With the pictures left out, write out exactly the lines of the listing below that run from the line with "Cut off from" through the line with "Sold Dior Saddle".

§ Available data

- - - - - - -

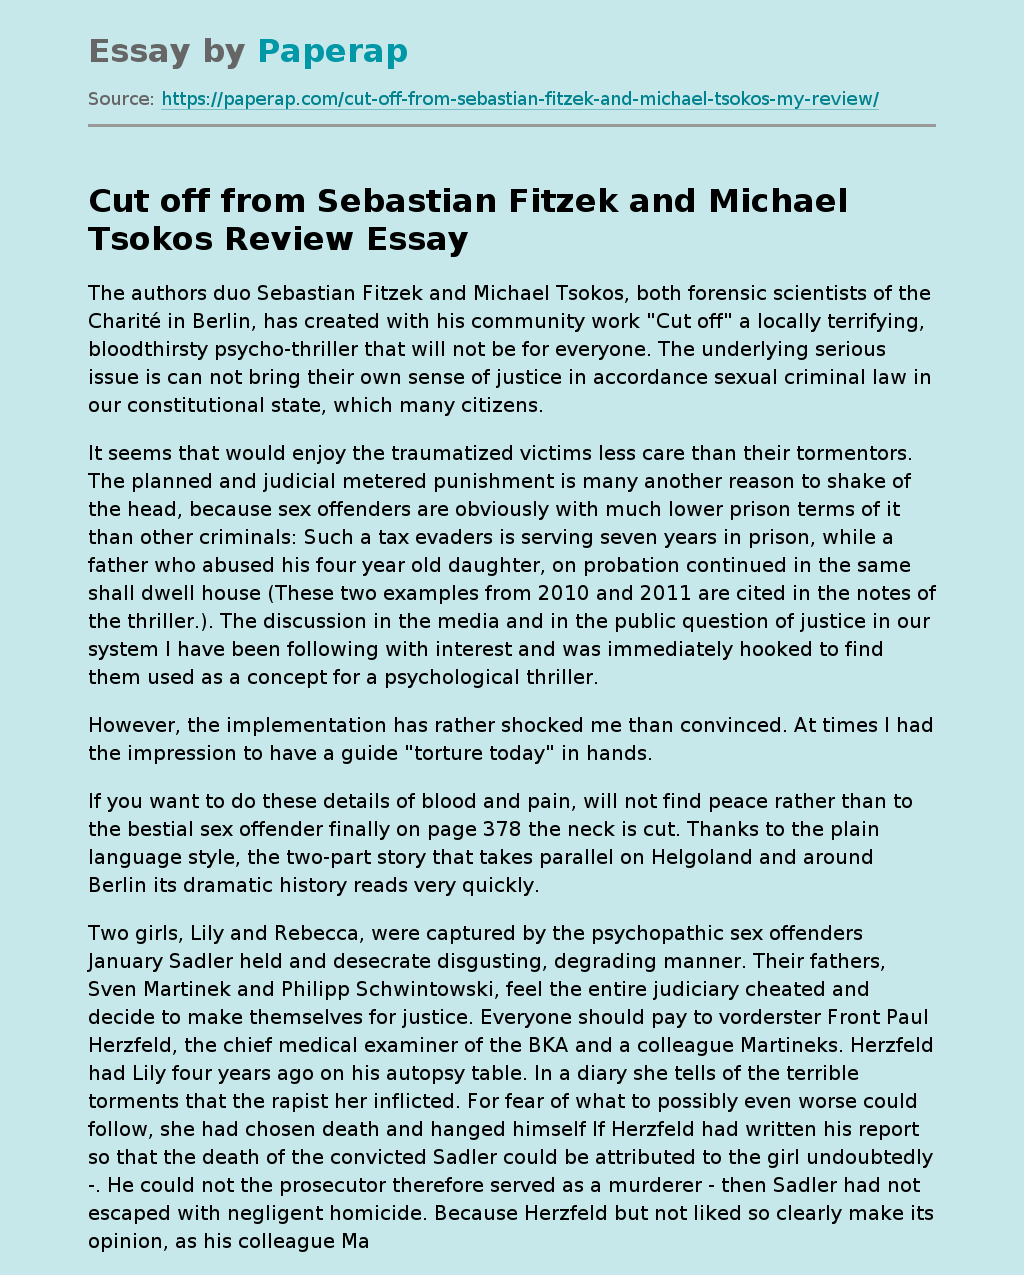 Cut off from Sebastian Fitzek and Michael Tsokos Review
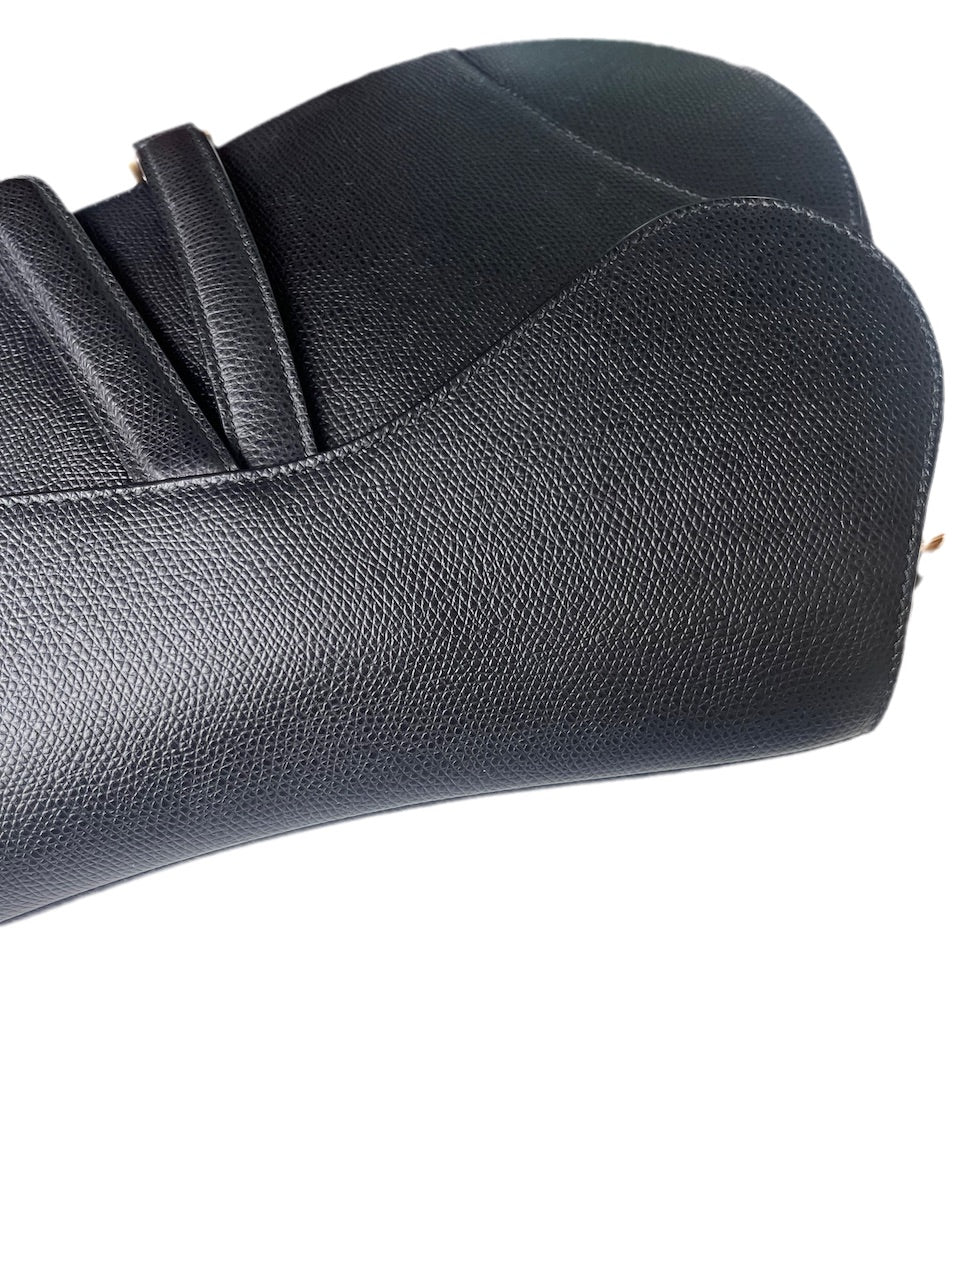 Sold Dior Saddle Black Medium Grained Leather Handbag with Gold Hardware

- - - - - - -

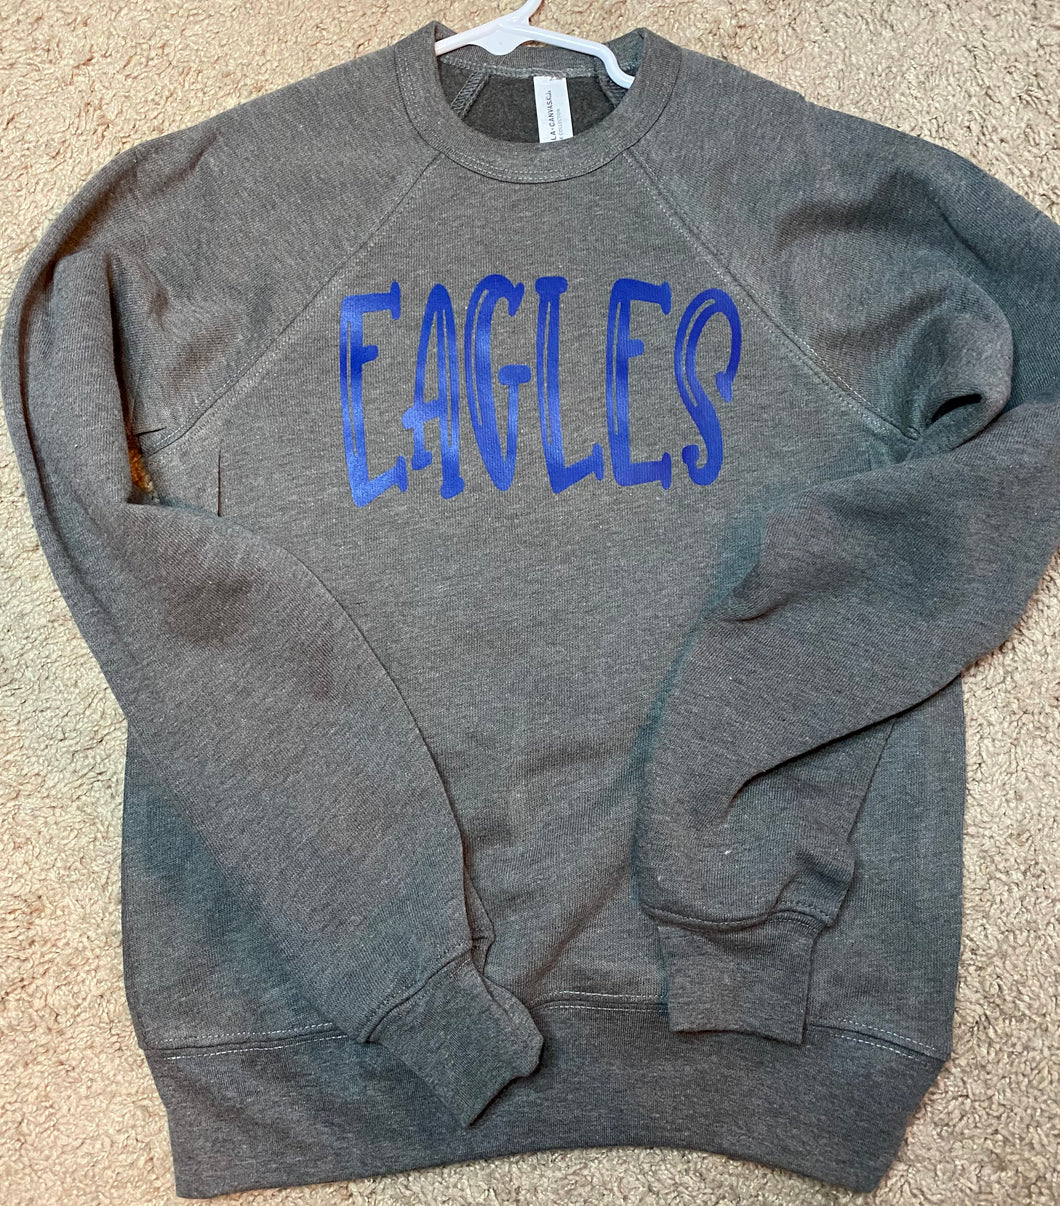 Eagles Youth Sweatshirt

- - - - - - -

§ Answer box
 Cut off from Sebastian Fitzek and Michael Tsokos Review
 Sold Dior Saddle Black Medium Grained Leather Handbag with Gold Hardware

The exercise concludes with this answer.